Ceramists Jerilyn Virden (b. 1973) and Cristina Córdova (b. 1976) present a similar contrast between the reductive and the accretive modes. While both manipulate the expressive properties of clay with consummate skill, the former takes away as much as possible of her abstracted forms, and the latter loads on as much as necessary to her figurative sculpture. Both are subtle colorists who exploit the varying reflec­tivity of their glazes, and both create active surfaces of modulating textures. Virden's work connects to the vessel form, but more powerfully to natural earth formations, like boulders or stream eddies. The slab-built, enclosed hollow sculptures make brilliant use of the slab joinings to create a tracery
of lines flowing among the concave or convex curves of their quietly complex forms. Like the fold of rock in the mountainside or the pool beneath the waterfall, these objects reveal their own making.

Cristina Córdova's sculptures do not share this self-revelatory trait. As she continues to puzzle out universal truths about the human journey, her work takes on more mythic qualities. Córdova's realities are invisible but are richly indicated by the many symbols and signifying objects and animals that accompany her wonderfully modeled figures. The newest work here is Correria, 2008. In the multipart wall-mounted piece, four figures straitjacketed by their cloaks, hands emerging where feet should be-hover among an array of spheres the size of their heads. Are these Fates directing the solar system? Humans traveling in our prescribed orbits? The work is enigmatic: we are forced to ponder it.
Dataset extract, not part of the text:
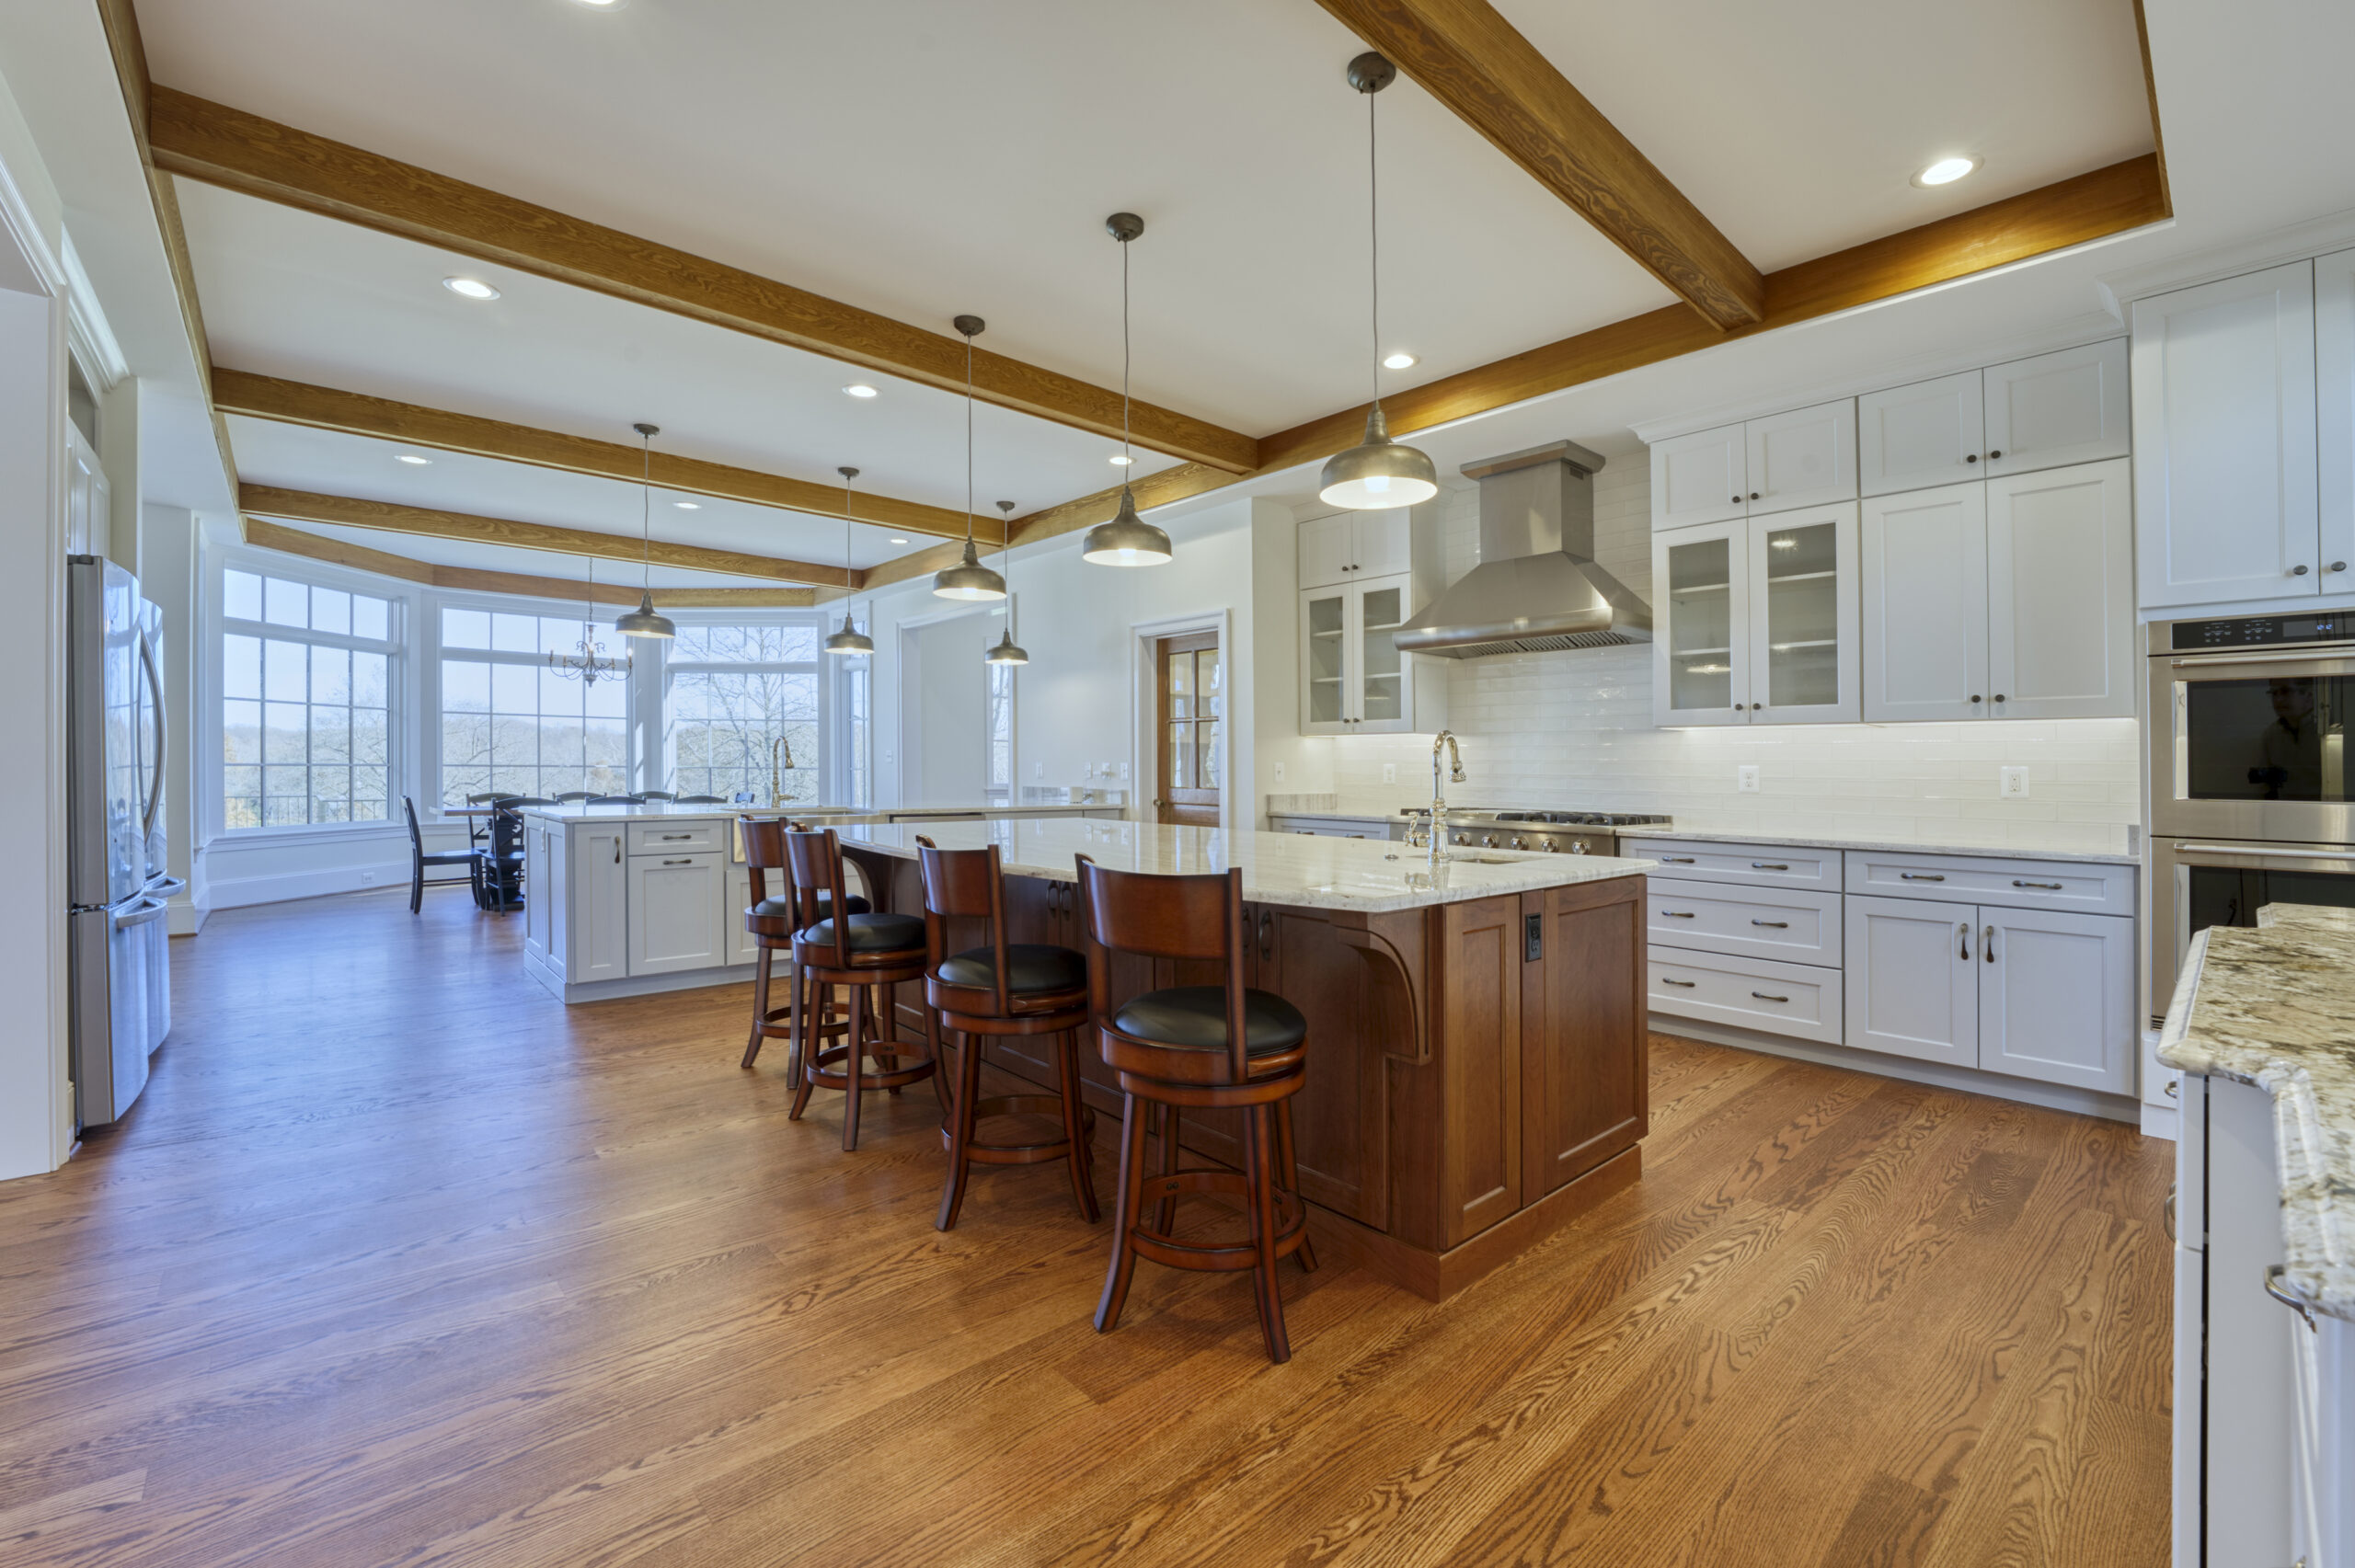 Professional interior photo of custom build new home by Black Oak Construction - showing the kitchen with exposed wood beams in the white ceiling, large island centered in front of the range with stainless hood, wrap around counters with stainless appliances and farmer's sink and hardwood floors

Not so Anne Lemanski's carefully crafted paper-covered figures of animals, their pieced "hides" stitched together with artificial sinew. We can easily appreciate the sleek shapes and precise construction, but this topical work depends upon our knowing relevant facts if we are to understand its import, or to see it as part of Lemanski's broader exploration of relations between humans and animals in the shared physical world. The piece requiring the least
reference to wall text is the mirrored piece Rattus Mannus, 2008: one looks at it and sees oneself.

No information is necessary to understand the formal beauties of Devin Burgess's (b. 1979) glass works, all 2008. These groups of similarly shaped hand-blown and surface-treated objects-funnels that don't drain, vases with no mouths, diaphanous bottles with impossibly tiny short necks offset from center-are purely aesthetic and laugh gently at the idea
of functionality. The seven-piece group of billowing white bottles comprising Asymmetries is as exquisitely arranged as a Whistler. The more robust piece, Les Poulets sans Têtes, is more exciting if not quite as refined, its colors gleaming out surprisingly from a bark-like covering where the artist has exposed the various layers by carving the outer glass away. The multiple materials have been put through processes both traditional and innovative.

Burgess and the show's other five artists share that willingness to add new techniques or materials to the repertoires of their craft, while maintaining the highest standards of execution. The results clearly place them in the firmament of North Carolina's myriad fine craftspeople.